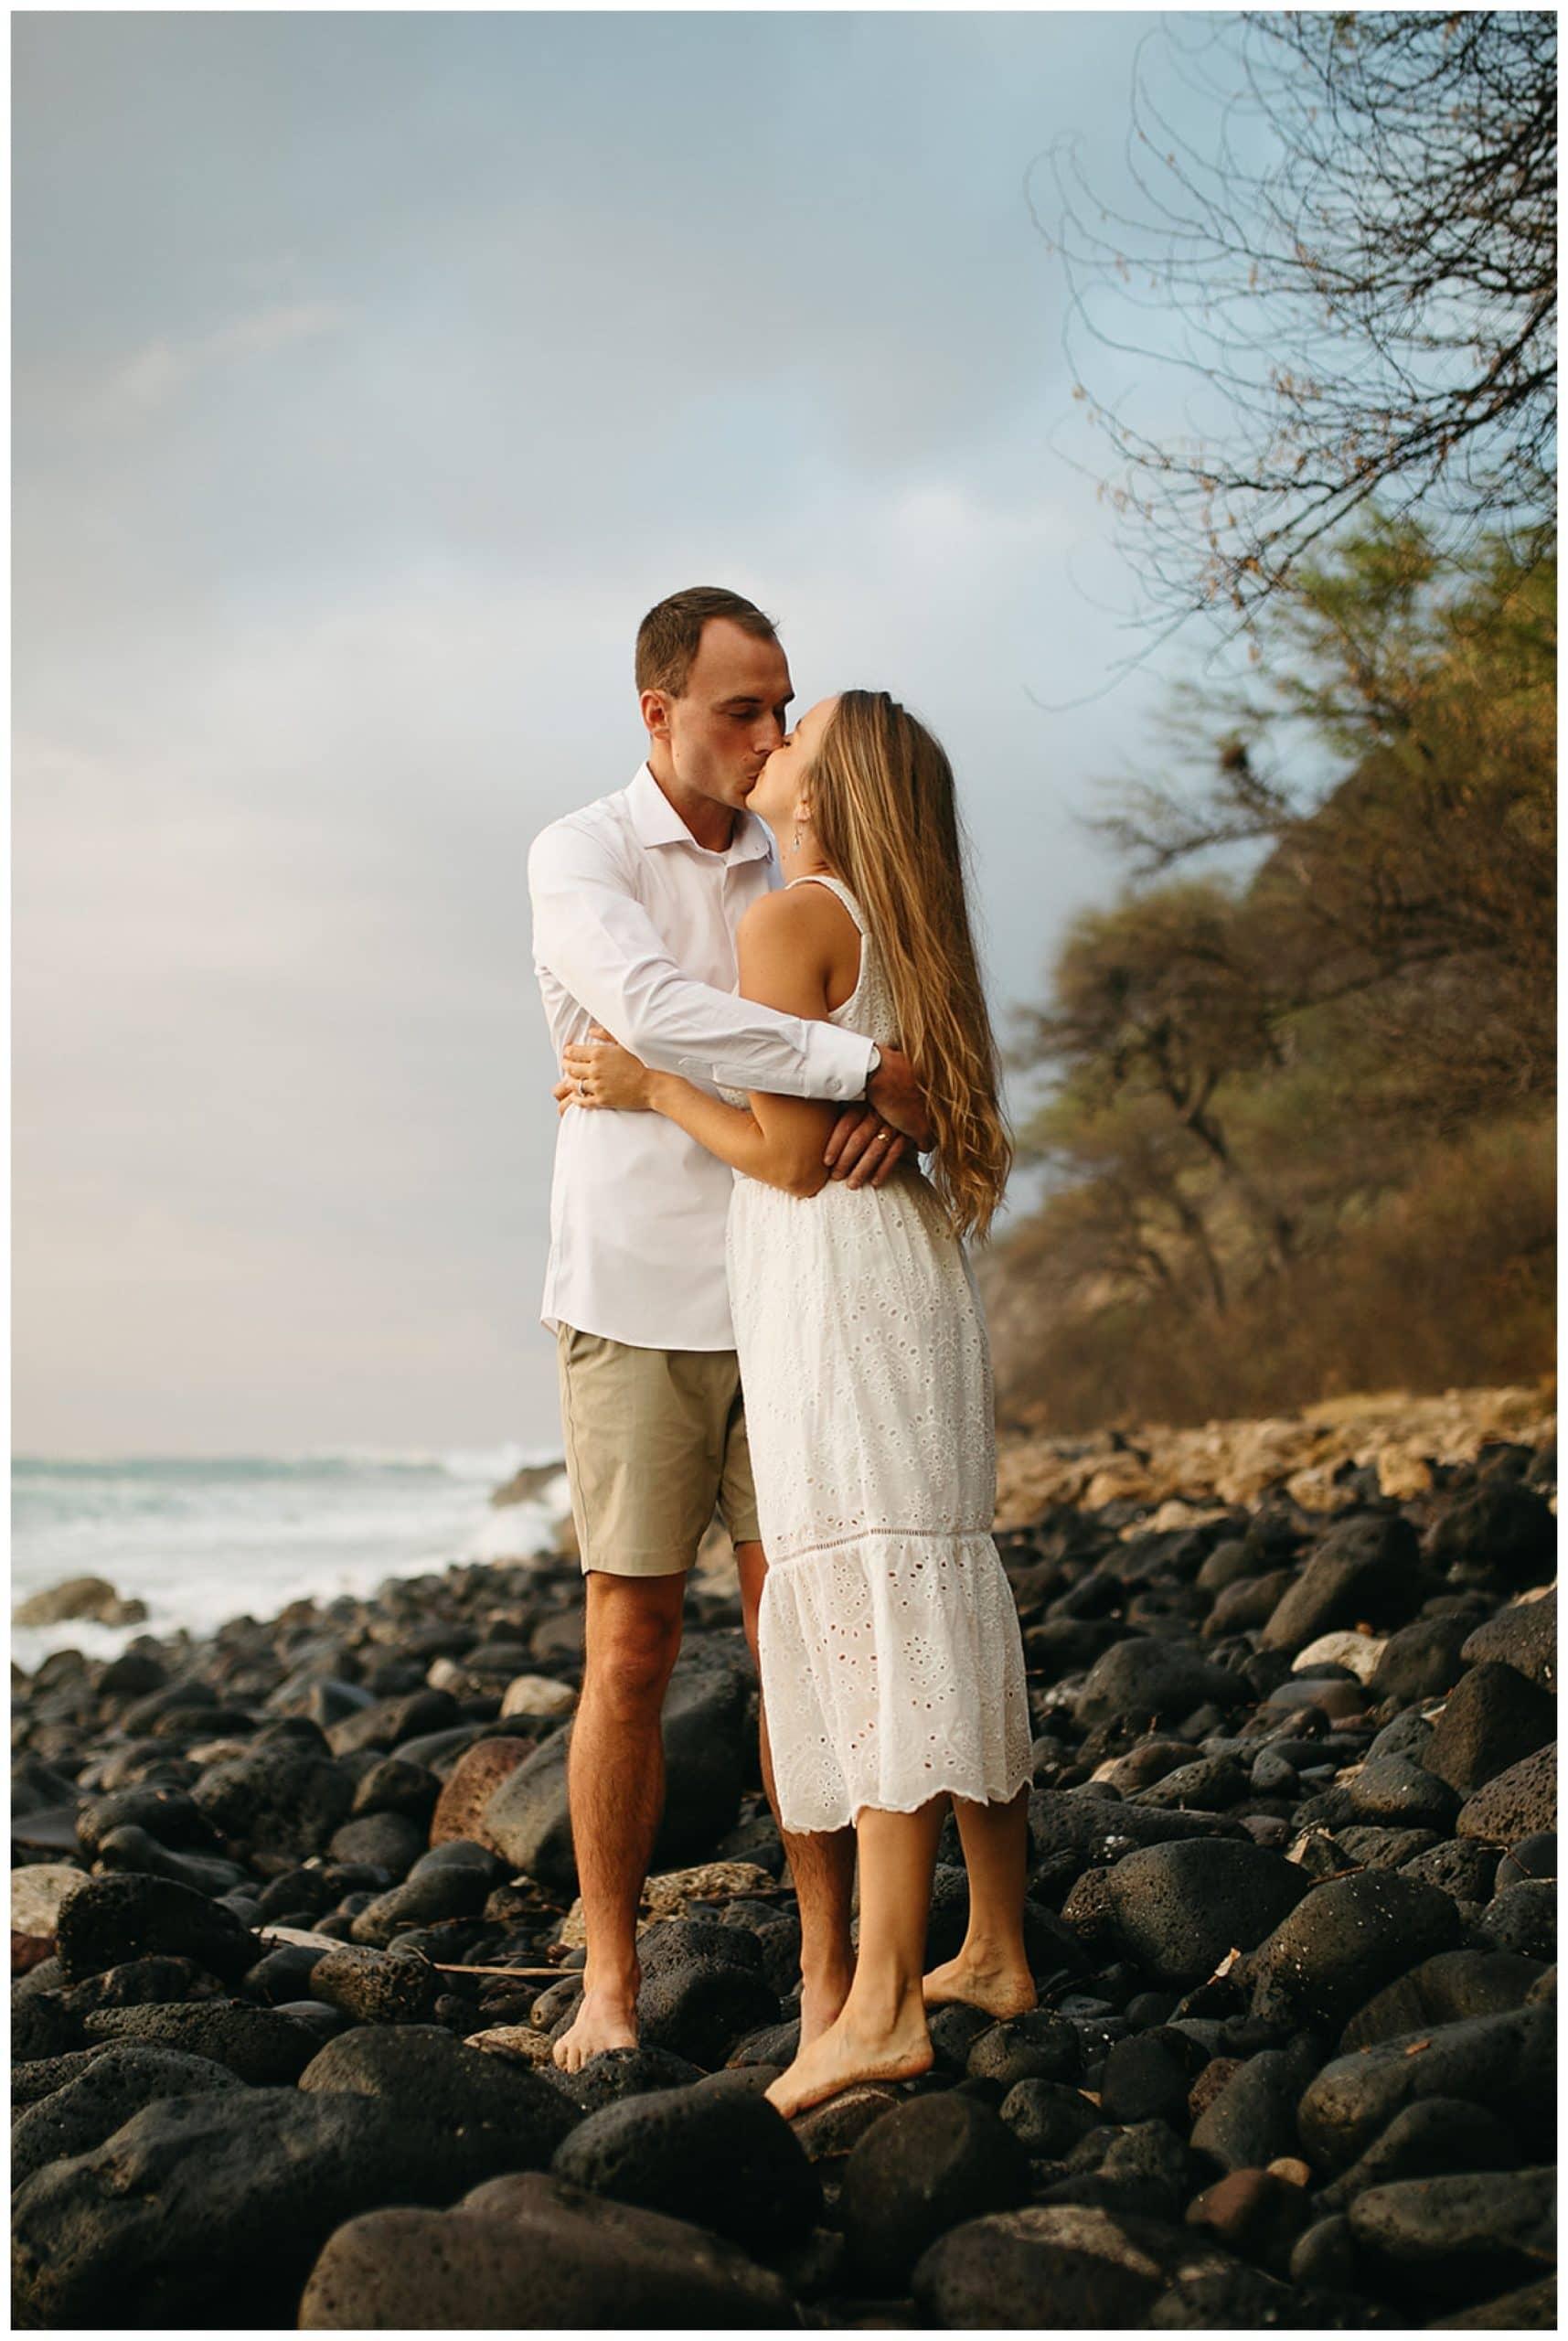 couple kissing on rocks on beach
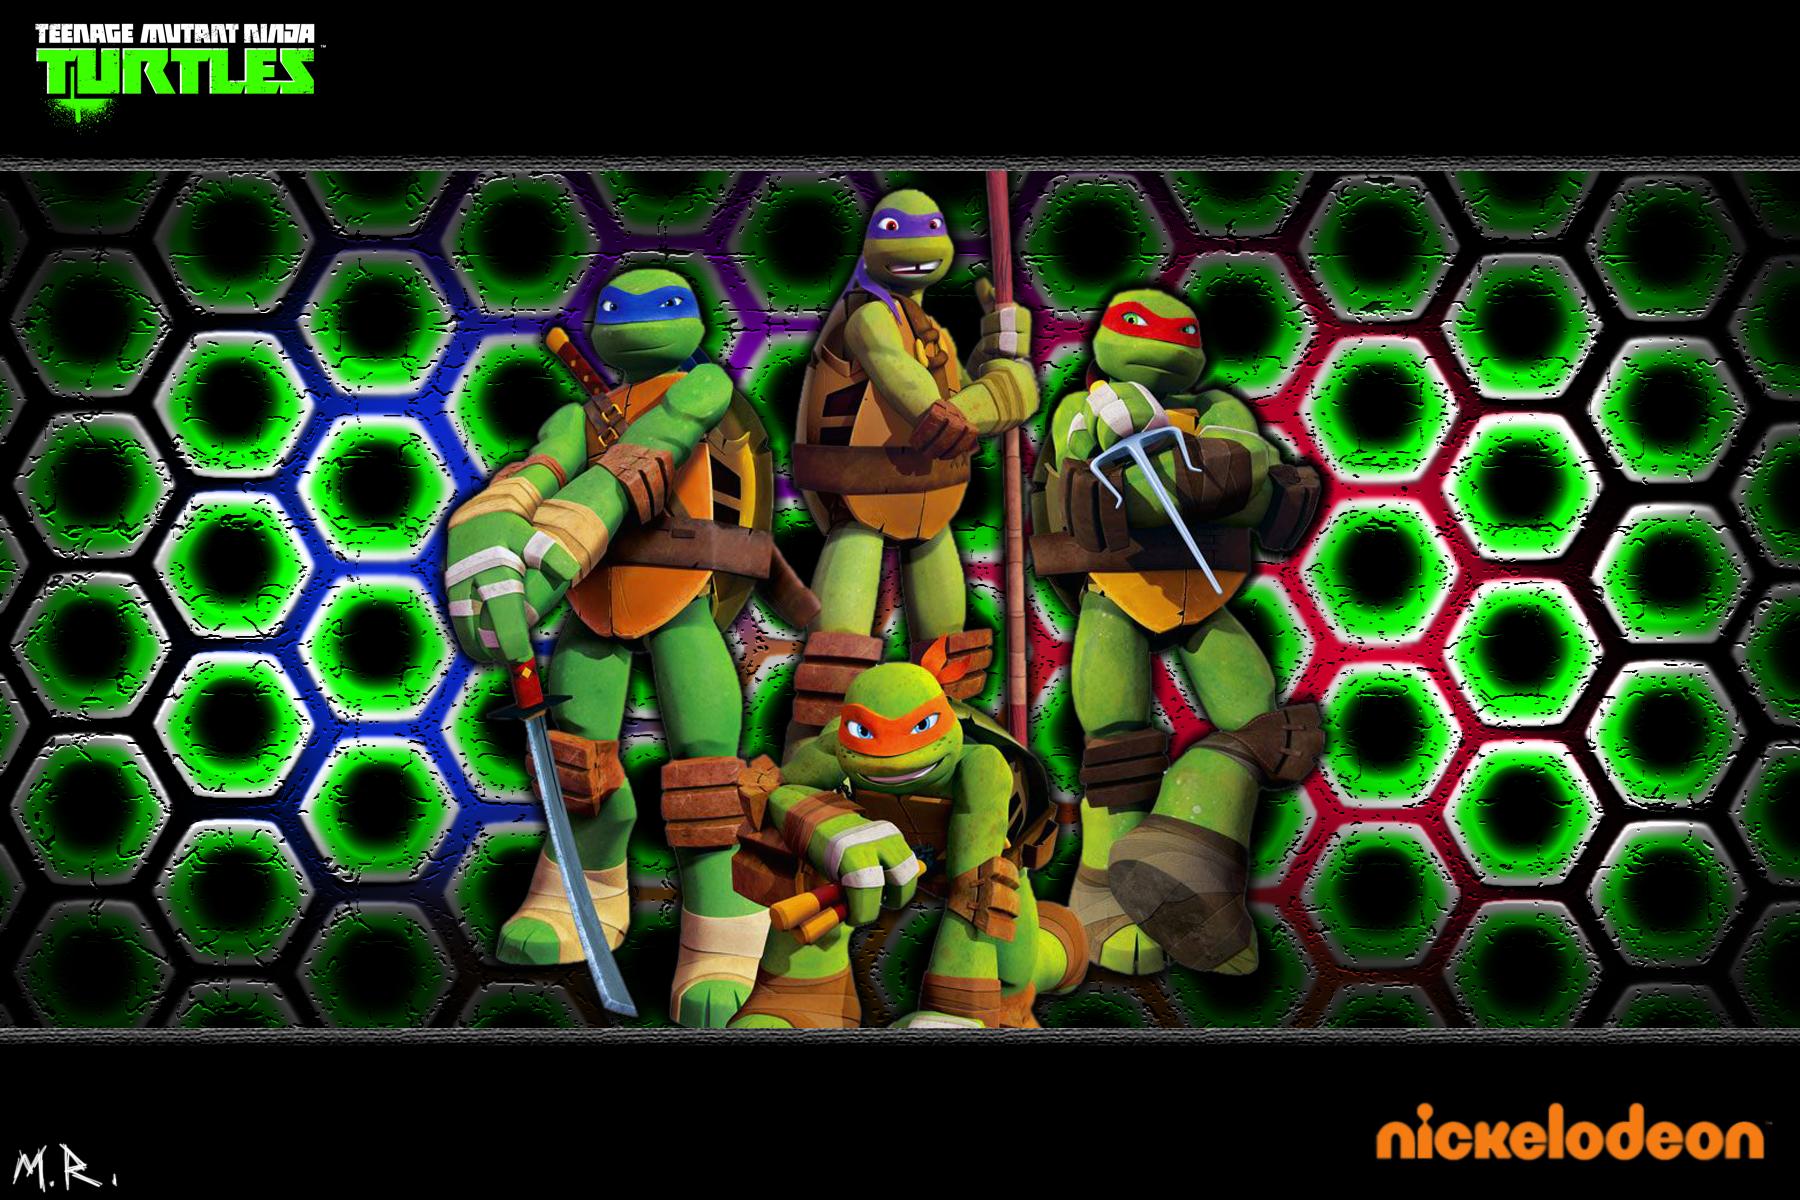 ShadowNinja976 237 157 2012 Nickelodeon TMNT Wallpaper By
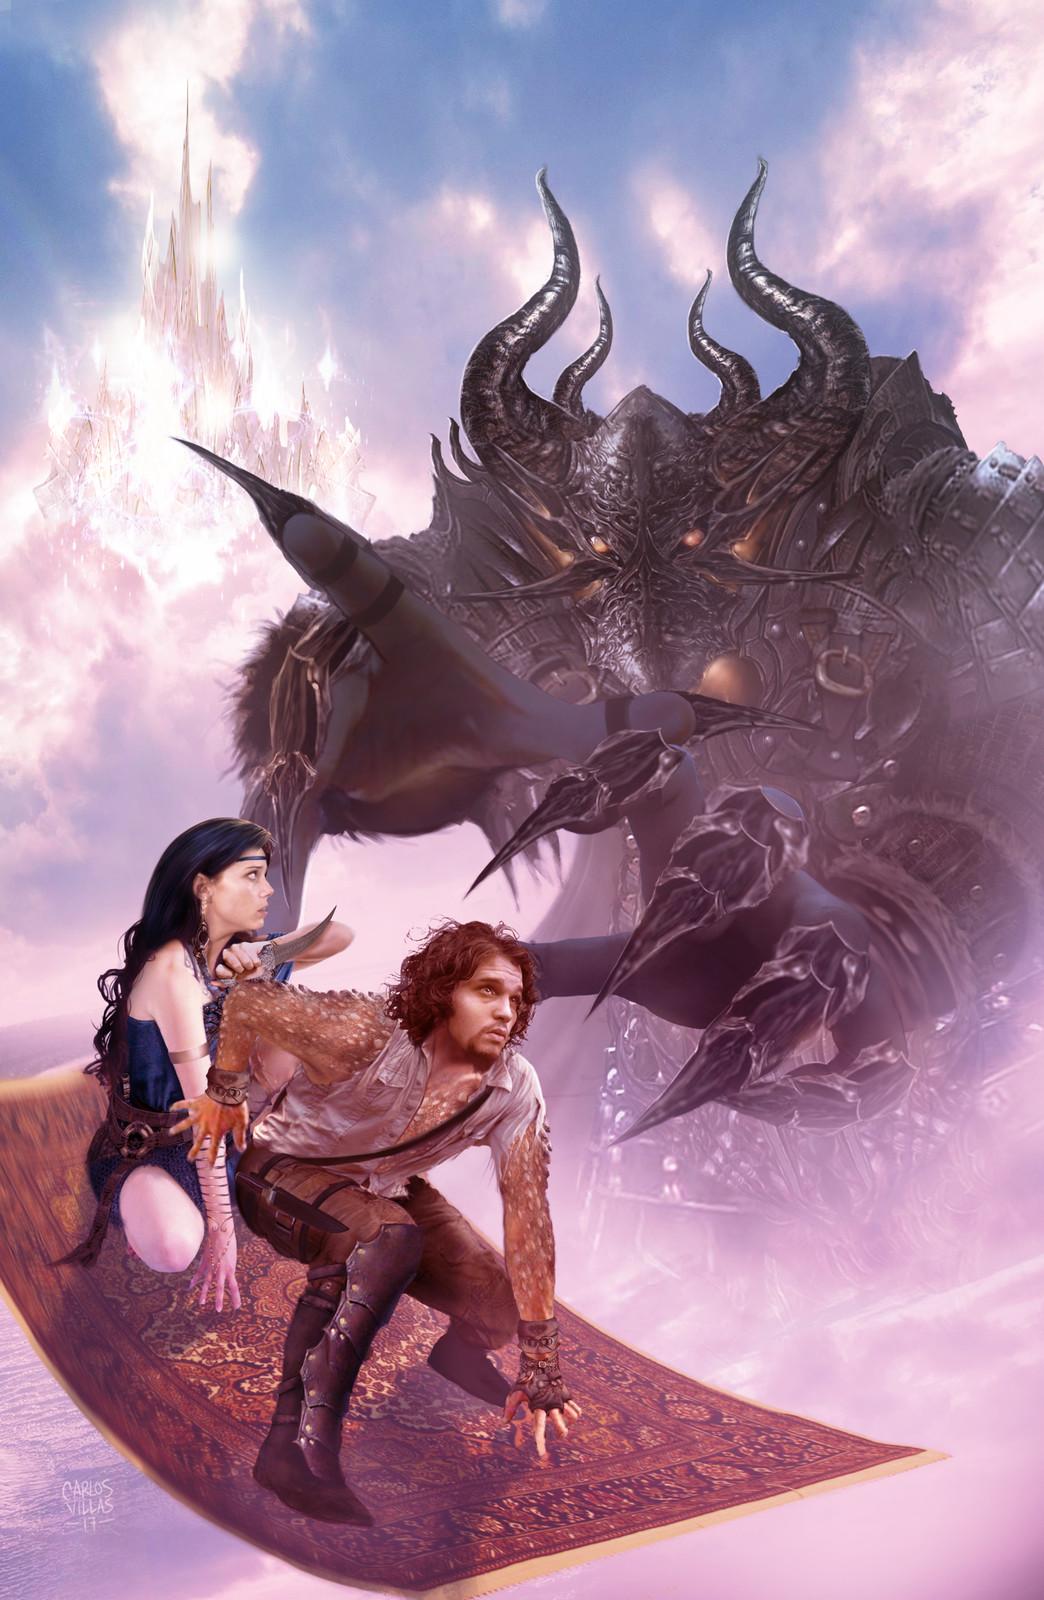 BATTLE DRAGONS COVER ILLUSTRATION
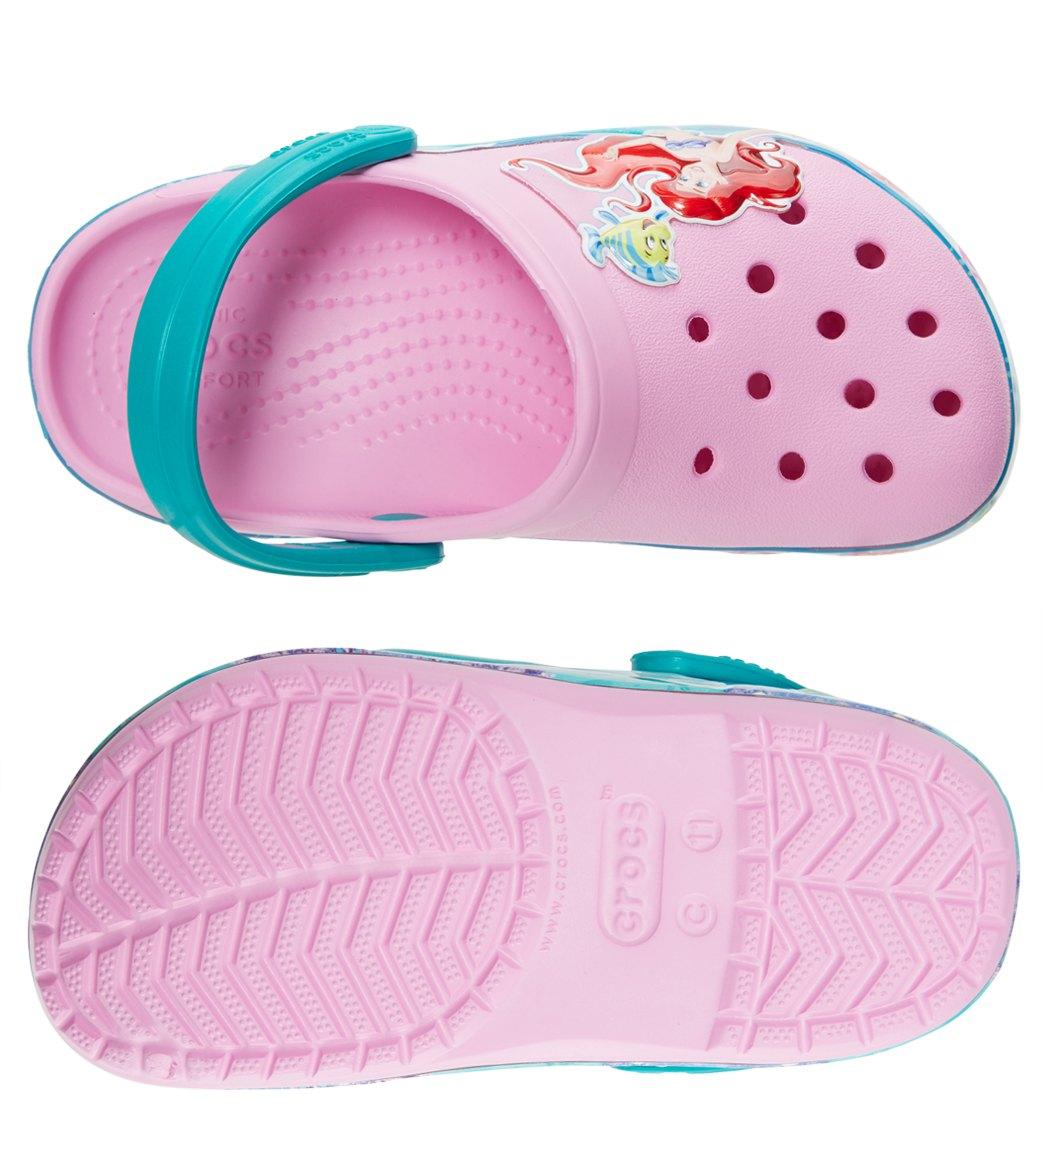 4e663a75c78 Crocs Kids  Crocband™ Princess Ariel™ Clogs (Toddler

What you should do. Your copy of the material above should be exact and free of pictures.

Reply to the exercise.
 couple kissing on rocks on beach
 ShadowNinja976 237 157 2012 Nickelodeon TMNT Wallpaper By
 BATTLE DRAGONS COVER ILLUSTRATION
 4e663a75c78 Crocs Kids  Crocband™ Princess Ariel™ Clogs (Toddler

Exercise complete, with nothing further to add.